However tax structures and rates would be harmonised,
as a necessary condition for the elimination of
competitive distortions in connection with the common
market aspect of the arrangement. Nevertheless some
control over national budget deficits and debt levels
would have to be imposed
- in a maximalist fiscal arrangement the whole system of
taxing and spending would be centralised and, in
conjunction with this, there would be a centralised
system of borrowing and a federal budget deficit (or
surplus).
The process of monetary integration - “road map” in
1992 in Maastricht Treaty
There were at least four possible scenarios
Minimal monetary + minimal fiscal arrangement
Maximal monetary + minimal fiscal arrangement
Minimal monetary + maximal fiscal arrangement
Maximal monetary + maximal fiscal arrangement
Maastricht model of EMU selected a maximalist
monetary arrangement, together with a minimalist fiscal
arrangement
Monetary arrangement = full centralization of monetary
policies represented by European Central Bank
(established 1998) and the System of European Central
Banks
Fiscal arrangement = fiscal coordination, regulated by
Stability and Growth Pact (adopted 1997 in Amsterdam,
reformed in 2005)
EUROPEAN CENTRAL BANK
The ECB was established by EU in 1998 and is located
in Frankfurt, the largest financial centre in the
Eurozone
European system of central banks (ESCB) = the ECB
plus all the national Central Banks (NCBs) of the EMU
member states
ECB and ESCB is responsible for monetary policy
covering the 13 member countries of the Eurozone
The primary objective of the ECB and the ESCB is "to
maintain price stability" within the Eurozone, in other
words to keep inflation low.

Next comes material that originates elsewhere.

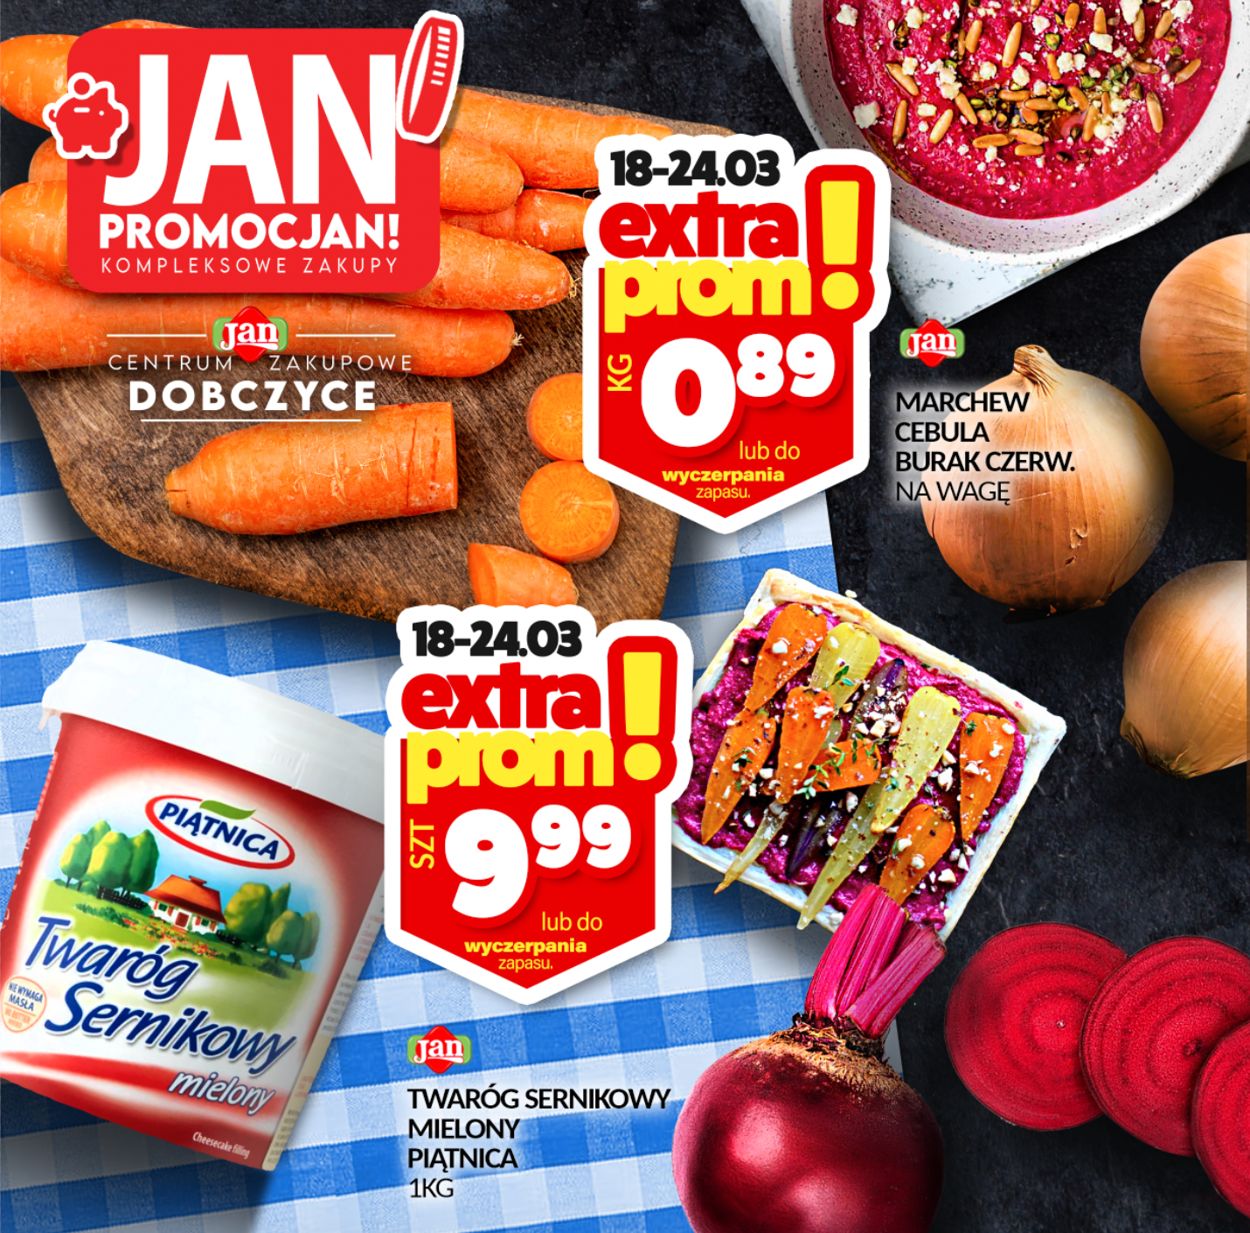 Market Jan Gazetka od 18.03.2021
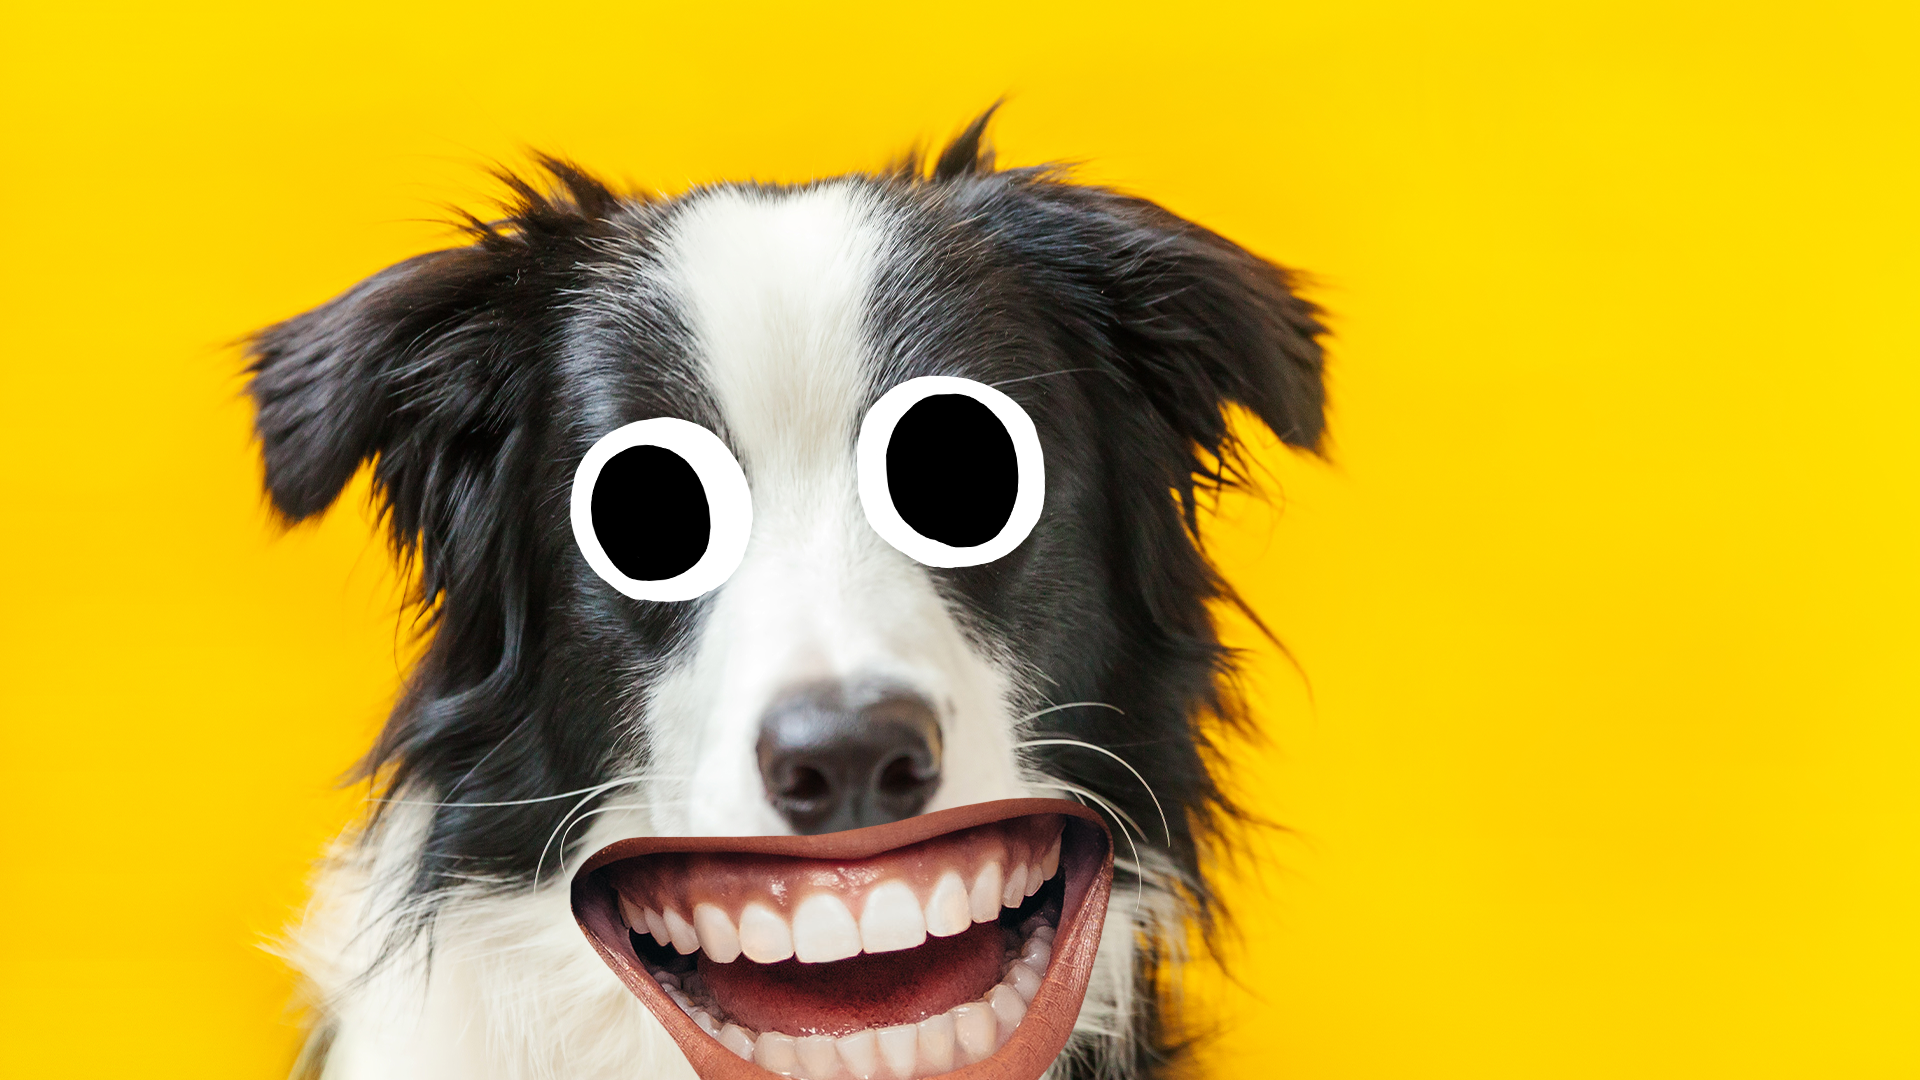 Smiling dog on yellow background

The present target is to
keep inflation below, but close to, 2%.
Second to this objective, the key tasks of the ECB and
ESCB are to define and implement the monetary policy
for the eurozone, support the economic policies of
the member states, conduct foreign exchange operations
(and take care of the foreign reserves of the ESCB) and
promote smooth operation of the banking payment
system
The ECB has the exclusive right
to authorize emission of banknotes
to set interest rates for the Eurozone
National Central Banks can issue euro coins but the
amount must be authorized by the ECB beforehand
The ECB has independence from any European or
national institution and also holds financial
independence by means of a separate budget drawn
from national central banks (NCB).
Governance of ESCB
President of ECB
first President of the Bank was Wim Duisenberg, the
former president of De Nederlandsche Bank, who was
succeeded in November 2003 by Jean-Claude Trichet,
former head of Banque de France.
Governing Council
Executive Board
General Council
Governing Council
the supreme decision making body of the ECB
composed of the members of the executive board and
the governors of the NCBs
responsible
for taking decisions on monetary policy, interest
rates and the reserves of the ESCB
in other matters, such as authorization the issue of
banknotes
in advising other institutions on draft legislation
Governing Council meets at least ten times a year and
can only be attended by members and the Council
President and Commission President
In voting each member has one vote (the Council and
Commission presidents do not vote) and decisions are
taken by a simple majority
The Executive Board is responsible for the
implementation of monetary policy defined by the
Governing Council and the day-to-day running of the
bank. In this it issues decisions to NCBs and may also
exercise powers delegated to it by the Governing
Council
comprised of the President of ECB, a vice president and
four other members. They are all appointed by common
accord of the eurozone governments for a nonrenewable eight year term. By an understanding arrived
at in 2005, four of these six seats are currently reserved
for the Eurozone's four big central banks of France,
Germany, Italy and Spain.
General Council
body dealing with transitional issues of euro adoption,
for example fixing the exchange rates of currencies
being replaced by the euro, (continuing the tasks of the
former European Monetary Institute, predecessor of
ECB)
It exists until all states adopt the euro, at which point it
would be dissolved. It is composed of the President and
vice president of ECB together with the governors of all
the NCBs of the EU.
STABILITY AND GROWTH PACT
the Stability and Growth Pact (SGP) is an agreement by
European Union member states related to their conduct
of fiscal policy
monetary policy centralization – ECB responsibility
fiscal coordination by SGP – Commission and Council
of Ministers responsibility
SGP consists of fiscal monitoring, and sanctions against
offending members
the pact was adopted in 1997, so that fiscal discipline
would be maintained and enforced in the EMU
Member states adopting the euro have to meet the
Maastricht convergence criteria, and the SGP ensures
that they continue to observe them
The actual criteria that member states must respect:
- annual budget deficit no higher than 3% of GDP
(this includes the sum of all public budgets, including
municipalities, regions, etc)
- national debt lower than 60% of GDP or
approaching that value.
Excessive deficit procedure
First step – establishing excessive deficit
If the Commission identifies excessive budget deficit of
some Member State of the EMU (exceeding 3% of
GDP), it prepares the report and recommendation for
the Council of Ministers. The Council then decides by
qualified majority of all Member States of the EU
(including the states not participating in EMU and the
Member State of EMU that is evaluated by the report),
whether the budget deficit, considering all
circumstances, can be classified as an excessive one.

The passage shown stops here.